مصطفی زنگویی

Camelthorn is a perennial plant belonging to fabaceae family. Camelthorn tolerance to salinity is very high and it’s a halophyte plant. By using halophyte plants as species with potential for production in saline lands, many outturns can be produced in these areas, one of these products is fodder needed by livestock. Salinity and plant density are factors affecting forage quality. Increased salinity created by sodium chloride leads to an increase in sodium ions in the plant and affects the balance of sodium to potassium ratio and forage quality. Different plant ecotypes and genotypes absorb different amounts of elements in their culture medium. Considering that one of the most important areas for the development of cultivation of this plant is saline lands, which have been excluded from cultivation due to irrigation with saline water for many years with increasing soil salinity, It is necessary to study the nutrients changes in plant organs, which is one of the factors affecting forage quality in field conditions with irrigation with salt water. This study investigates the effect of irrigation water salinity in two ecotypes and different densities on the forage yield accumulation of nutrients in shoot and roots in field conditions in two locations.

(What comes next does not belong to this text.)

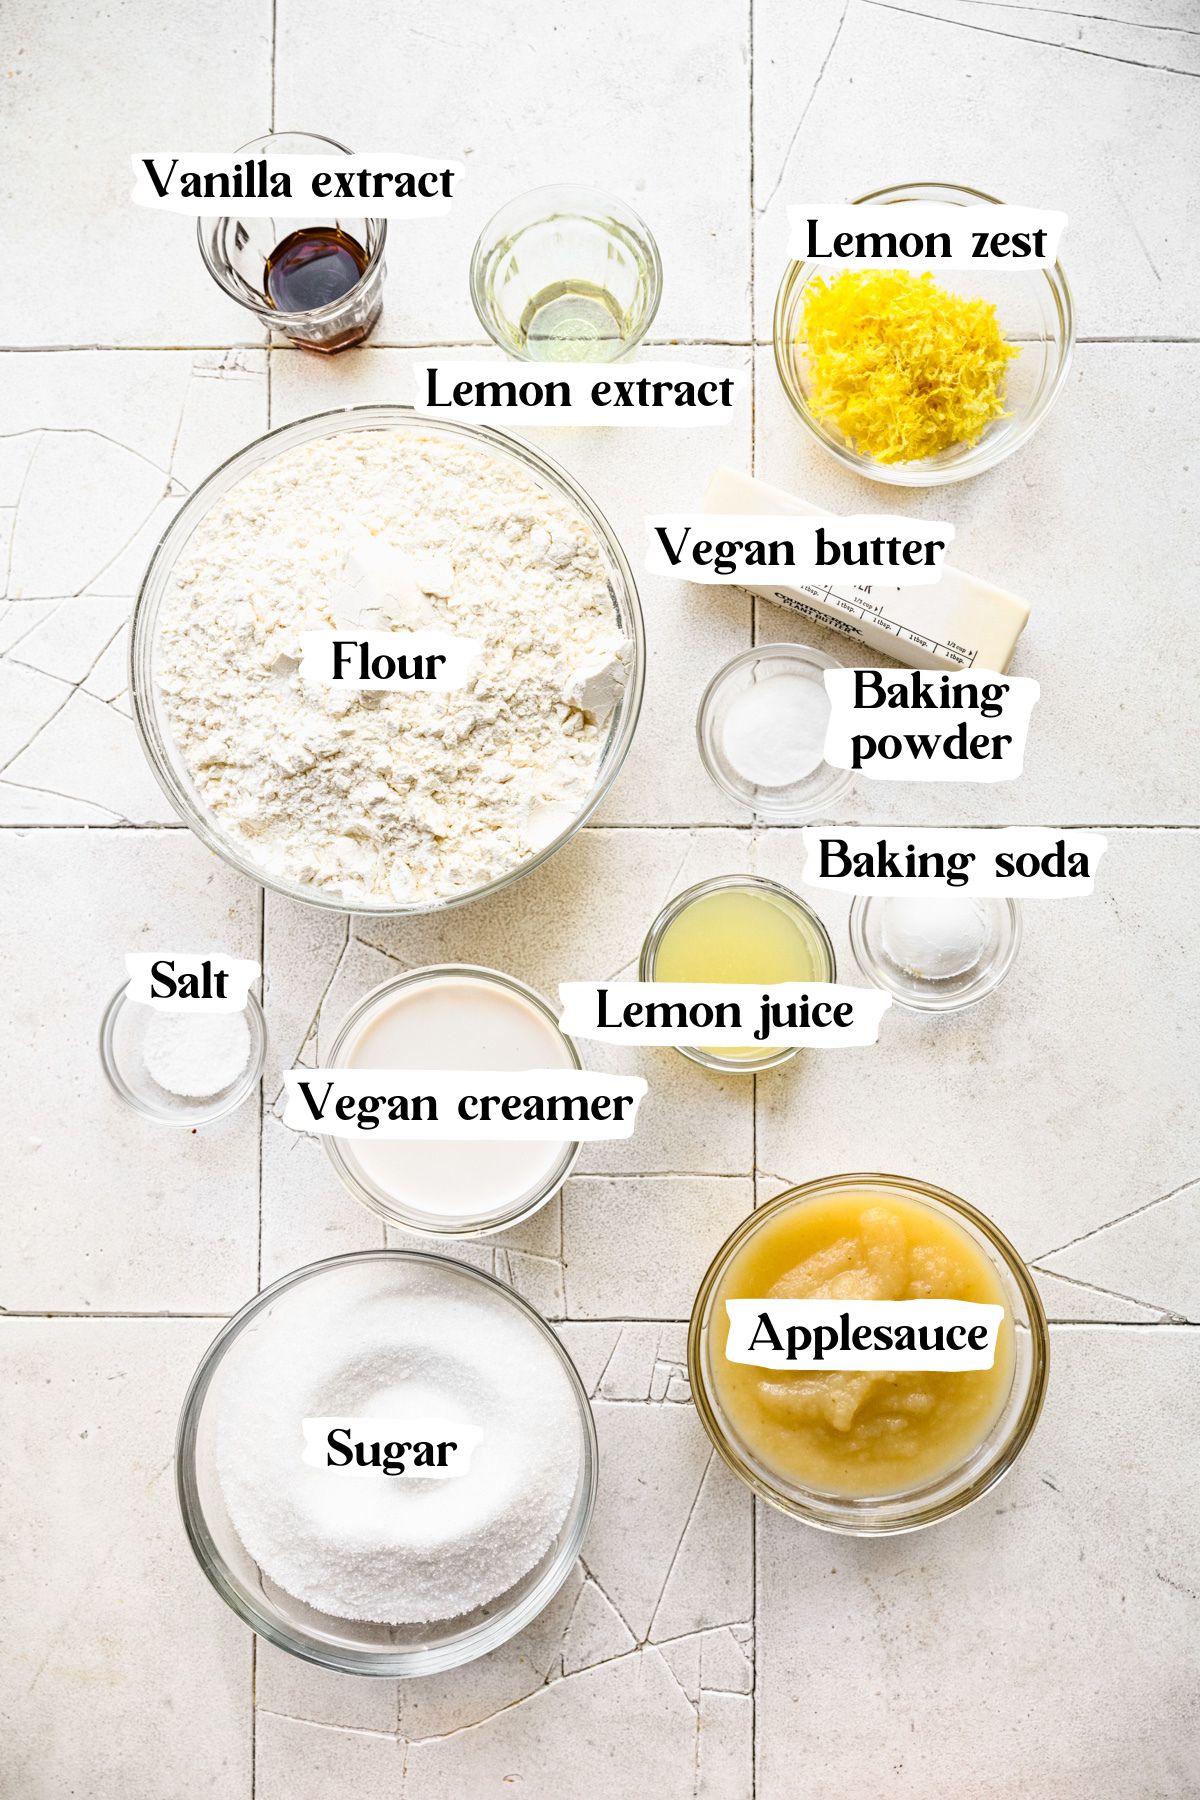 Vegan lemon cake ingredients including lemon juice and applesauce.

The experiment was conducted as a split factorial in a randomized complete block design with three replications. The experiment was analyzed in two separate locations. Experimental sites included the farm of the Faculty of Agriculture of Birjand University and the Hojjatabad farm of Peyvande Khavaran agro-industry located in Sarbishe. The experiment was conducted in 1399. Experimental Factors include ecotypes at two levels: Krond and Voshmgir, Irrigation water salinity at 3 levels of 3.5, 7.5 and 12 dS.m-1 and plant density at two levels were 10 and 20 plants per square meter. The main plots were considered as salinity levels and the sub-plots were considered as a combination of density and ecotype levels. Sampling was performed to measurement the nutrients of shoots and roots of camelthorn in mid-October. Shoot sodium, potassium, calcium and magnesium were measured at the end of the growing season.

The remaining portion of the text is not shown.